Cuarto de muestras
Carmen Oteo
La herida milagrosa
Estamos todos encantados de la cantidad de restaurantes refinados que tenemos en Andalucía. Presumen los alcaldes de toda España de cuántos negocios tienen en su localidad con la máxima categoría. Hay colas de espera para almorzar en esos establecimientos de experiencias, sensaciones y vivencias. ¡Cáspita, si parece que estamos en pregones de carnavales o Semana Santa! Estamos todos pidiendo mesa o barra en esos sitios donde se han confirmado las estrellas como máximas condecoraciones o han florecido como setas de otoño. Y como tontos, inocentes o incautos hacemos cola. “Te podemos dar mesa para el viernes, 19 de enero, pero sería en la barra”. Y uno, de entrada, le responde de usted, como es debido: “Muy bien, somos cuatro, comeremos mirando a la pared, uno al lado del otro como niños castigados. Total, si lo tenemos todo hablado. Se trata de una experiencia gastronómica y de darle el gusto a mi cuñado que viene de fuera, sabe usted”. El problema ocurre cuando llega el día, acude uno a disfrutar de la comida y se encuentra con un tipo que le canta las viandas como si fuera un narrador omnisciente de aquellos que estudiaba en el extinto COU. Te cuenta el tío las propiedades de las agallas de la merluza, el caldo con el que se han cocinado (memorable si emplea el vocablo fumé) y hasta cómo debemos comerlo. El mismo parlante pregona las propiedades del vino “que ustedes han escogido tan oportunamente”.
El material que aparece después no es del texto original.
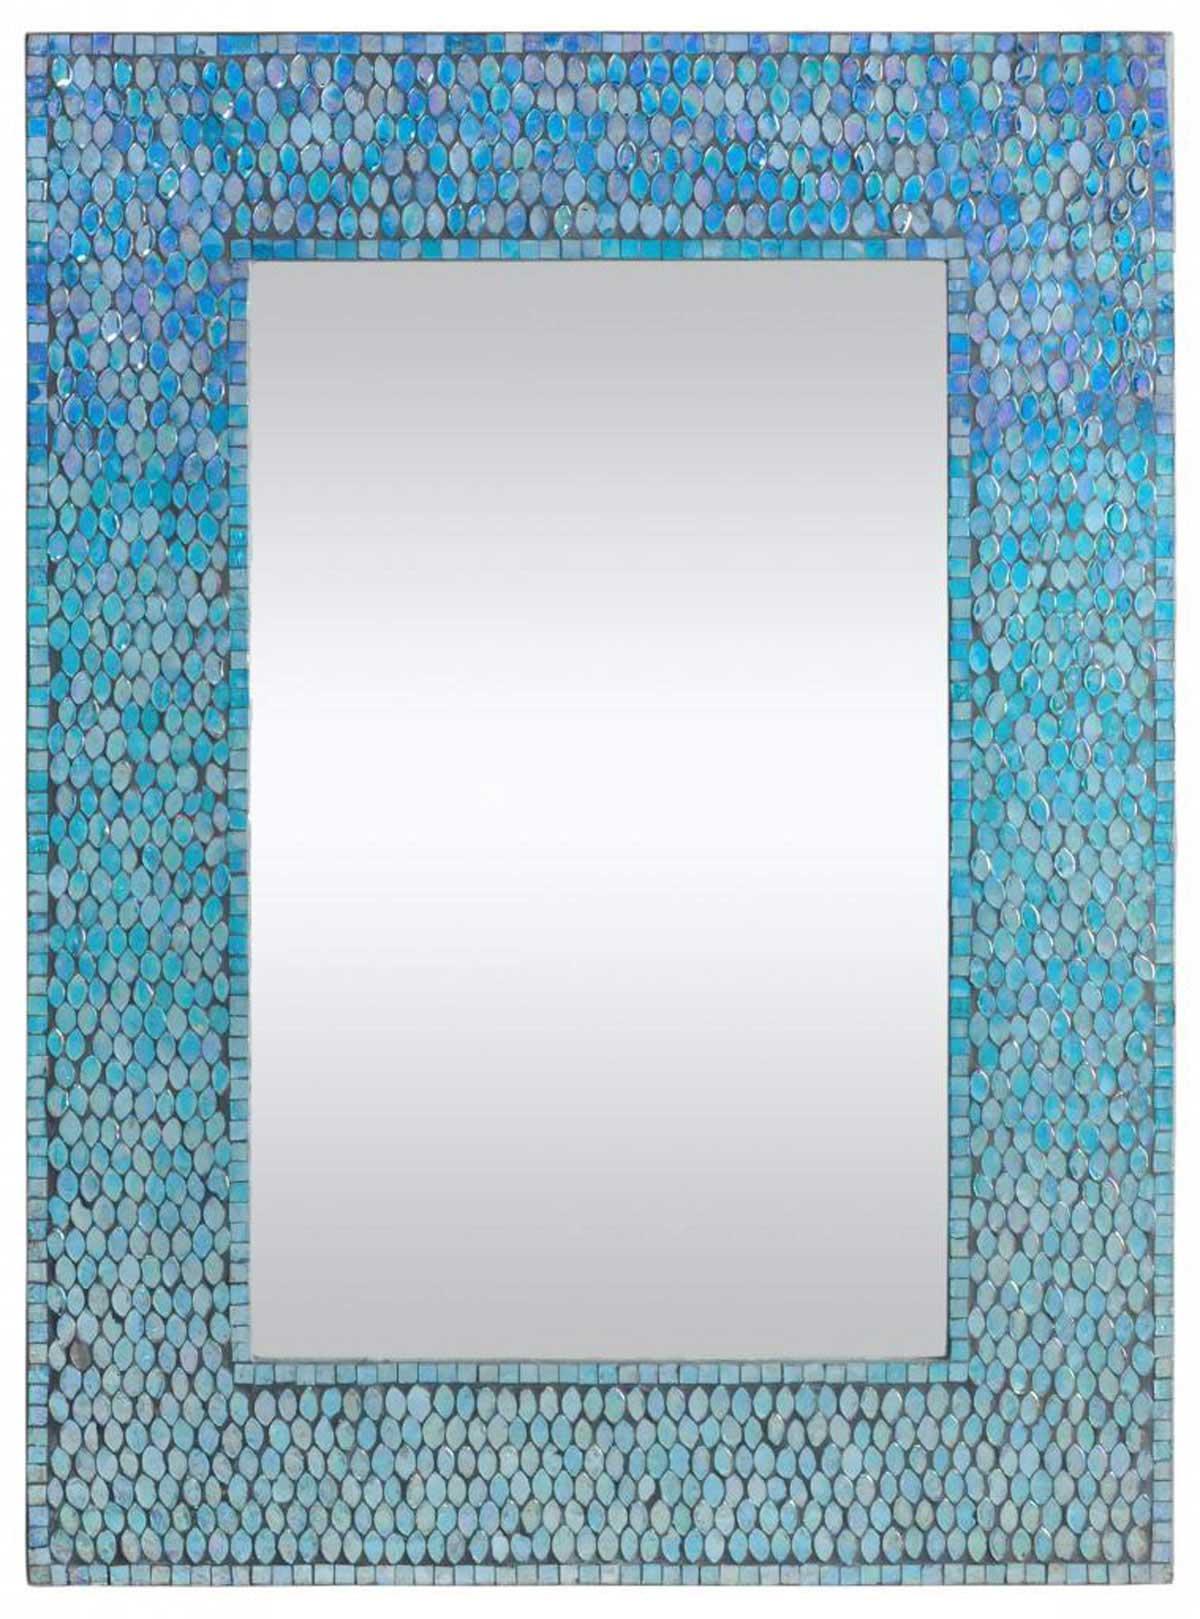 Ren-Wil Catarina Mirror - Mosaic
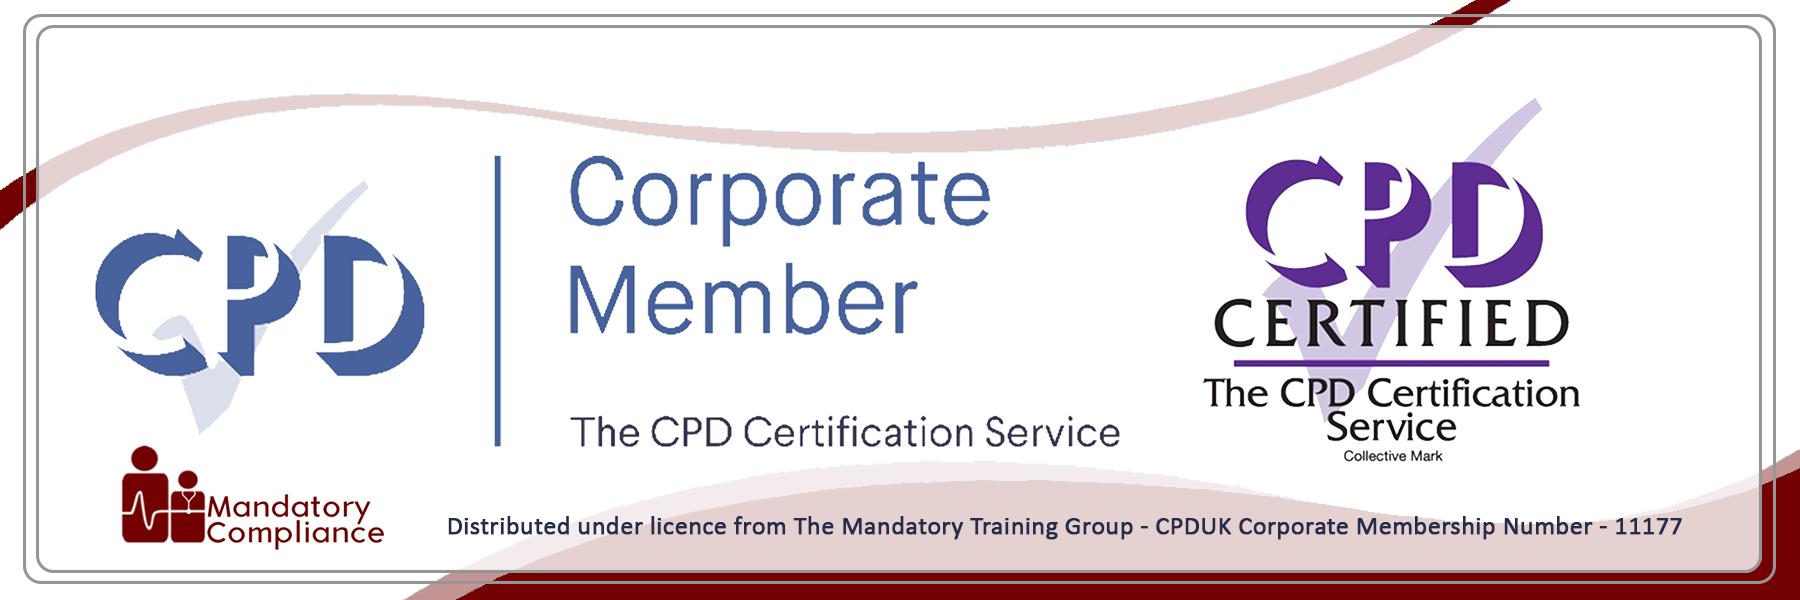 Safeguarding Legislation - Online Training Course - CPD Accredited - Mandatory Compliance UK -

Es maravilloso cuando el encargado del negocio te pelotea sin fundamento sobre la elección del caldo. Y todavía más cuando te suelta el rollo sobre maridajes, alianzas, combinaciones y experiencias “en boca” con la carne elegida. “Mire, yo primero me jamo el bocado del solomillo y después bebo, no mezclo nada en las fauces salvo los piños con la pasta de dientes”, le oímos a un reconocido empresario decirle al encargado de un restaurante de moda, de esos con pizarra digital en un atril en la entrada, muchos empleados con pinganillo y mucho personal atendiendo el lavavajillas, las freidoras y la bodega junto al urinario antes que al cliente. Pero lo peor, sin duda, es la sensación que se te queda después de cenar en esos restaurantes tan laureados. El dueño me rogó que le contara con toda claridad tras cenar en su casa. “Pues mira, como bien sabes, acudí con Pepe Pérez y Miriam. Todo estaba buenísimo. Pero hablé más con tu encargado que con mis amigos. El tío no paró con la charleta y la laudatio de los platos, los vinos, las viandas y otras monsergas. Fue el protagonista. Yo no salgo a cenar para que mi experiencia sea cenar con tu encargado, sino con mis amigos. La posesión del balón a favor de tu empleado fue del 80 por ciento. Y como procuro ser educado, no dije nada. Eso sí, el puyazo fue de órdago, como si yo fuera un pedraja en los lunes de Guardiola”. Las estrellas, para el firmamento, que rima con arrepentimiento.